Note that \(\sigma(\pi(\mathcal T))=\sigma(\mathcal T)\) for any collection \(\mathcal T\). It follows that eliminating sets from \(\mathcal S\) does not eliminate any hitting sets of \(\mathcal S\).

Suppose that \(T\) is a hitting set of \(\mathcal S\) and let \(S_1,\cdots, S_c\) be a flower of \(\mathcal S\) with heart \(H\). If \(T\cap H\neq\emptyset\), then \(T\) is a hitting set of \(S\cup\{H\}\). If \(T\cap H=\emptyset\) then \(T\) must be a hitting set of \(\mathcal S\cup\{S_1\diagdown H,\cdots,S_c\diagdown H\}\). Thus any hitting set of \(\mathcal S\) is preserved in at least one recursive branch.

It's easy to see that Reduce always terminates.

It remains to establish qualitative properties of Reduce: Every restriction output by Reduce is sparse, i.e., contains at most \(Cn\) sets, for a constant \(C=C(k,\epsilon)\).

Lemma 25. Let \(C=\sum_{i=1}^k(\theta_{i-1}-1)\). Every restriction \(\mathcal T\) output by Reduce contains at most \((\theta_{i-1}-1)n\) many \(i\)-sets, and therefore at most \(Cn\) sets in total.

Prove by contradiction. Use pigeonhole principle.

The number of restriction output by Reduce should be bounded by the number of leaves \(t\) in the recursion tree.
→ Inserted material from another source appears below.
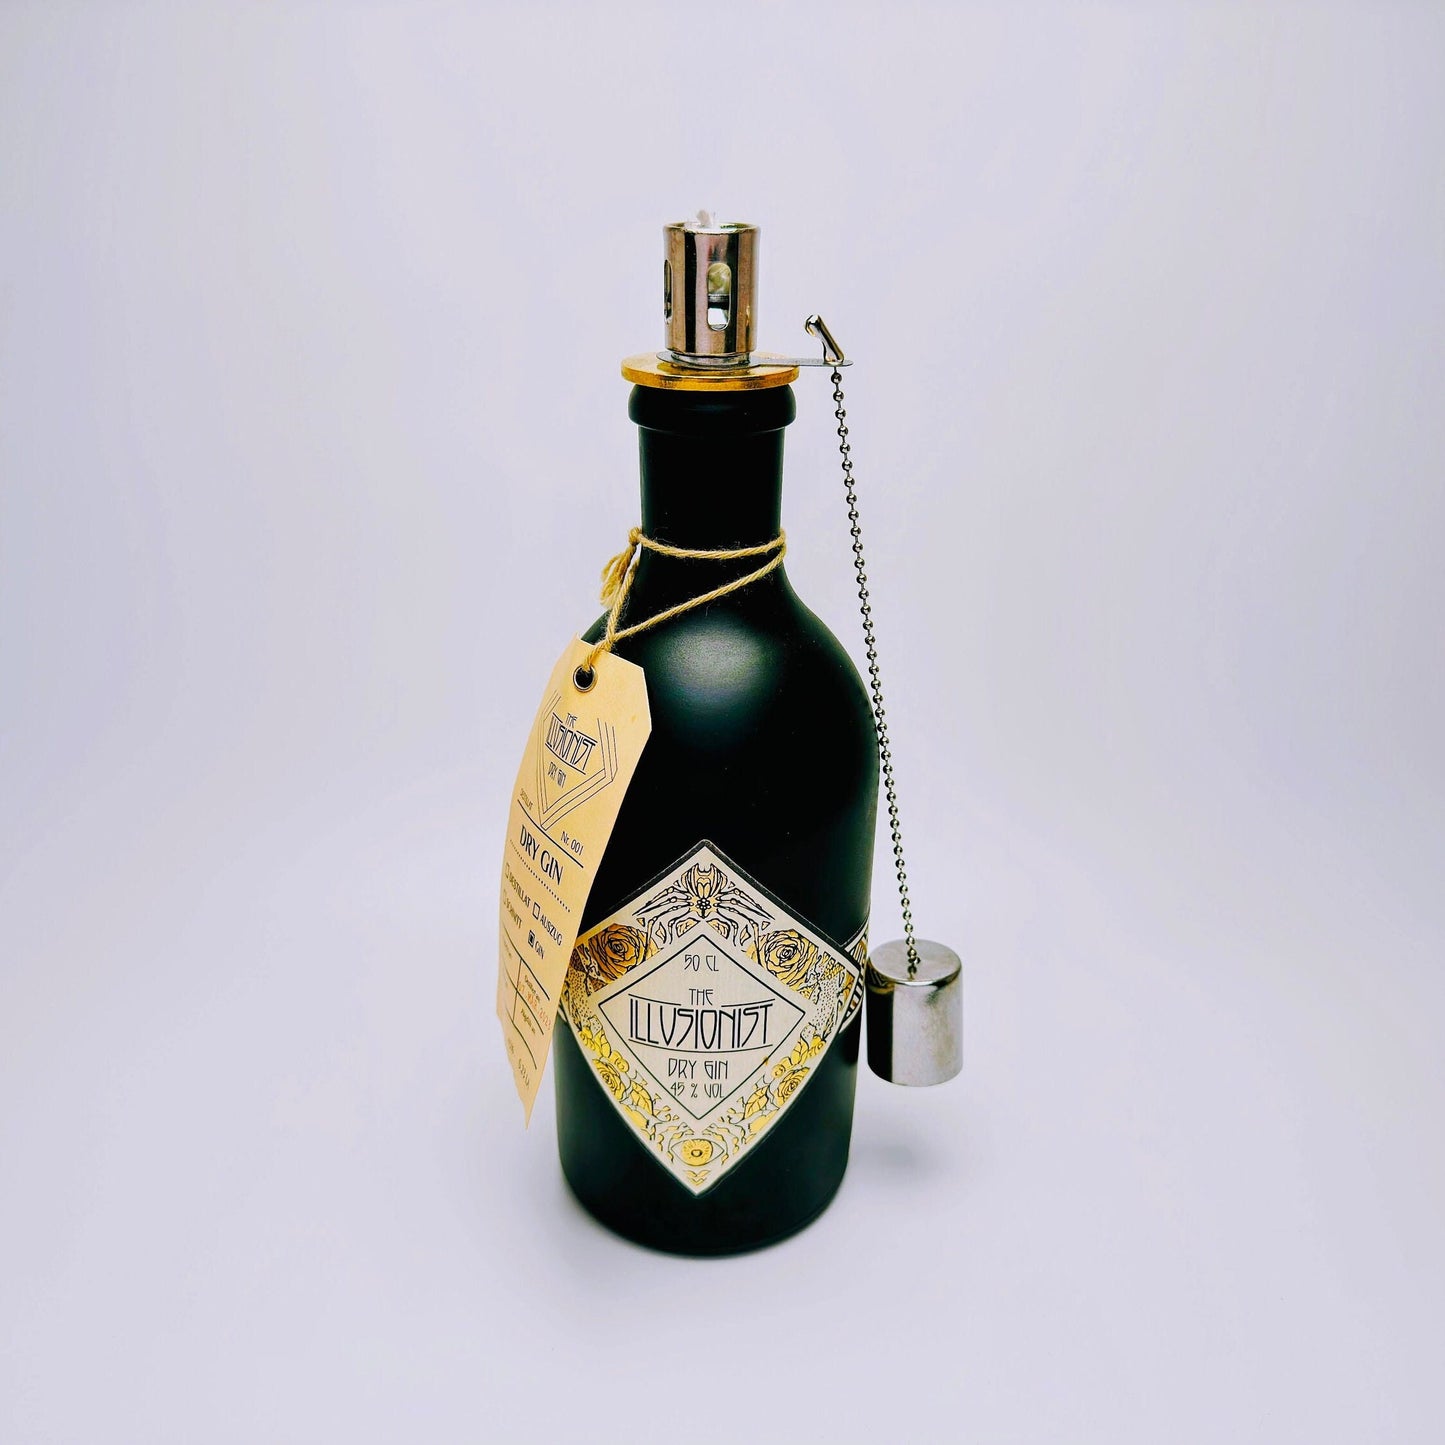 Gin Öllampe "Illusionist" | Handgemachte Öllampe aus Illusionist Gin Flaschen | Upcycling | Handgefertigt | Individuell | Geschenk | Deko

Lemma 26. Let \(0\lt m\lt n\) be integers. It holds that

\[ \sum_{i=1}^m{n\choose i}\le2^{H(\frac{m}{n})\cdot n}.\\ \]

\[ H(p)=p\log_2(1/p)+(1-p)\log_2(1/(1-p)) \]

Corollary 14. A binary tree of depth \(h\) in which every root-to-leaf path follows the right child at most \(\gamma h\) times has at most \(2^{H(\gamma)h}\) leafs.

Proof by Lemma 26.

When \(\gamma\le1/2\) we have \(H(\gamma)\le2\gamma\log_2(1/\gamma)\), thus we use the simpler upper bound \(2^{(2\gamma\log_2(1/\gamma))h}\) on the number of leaves.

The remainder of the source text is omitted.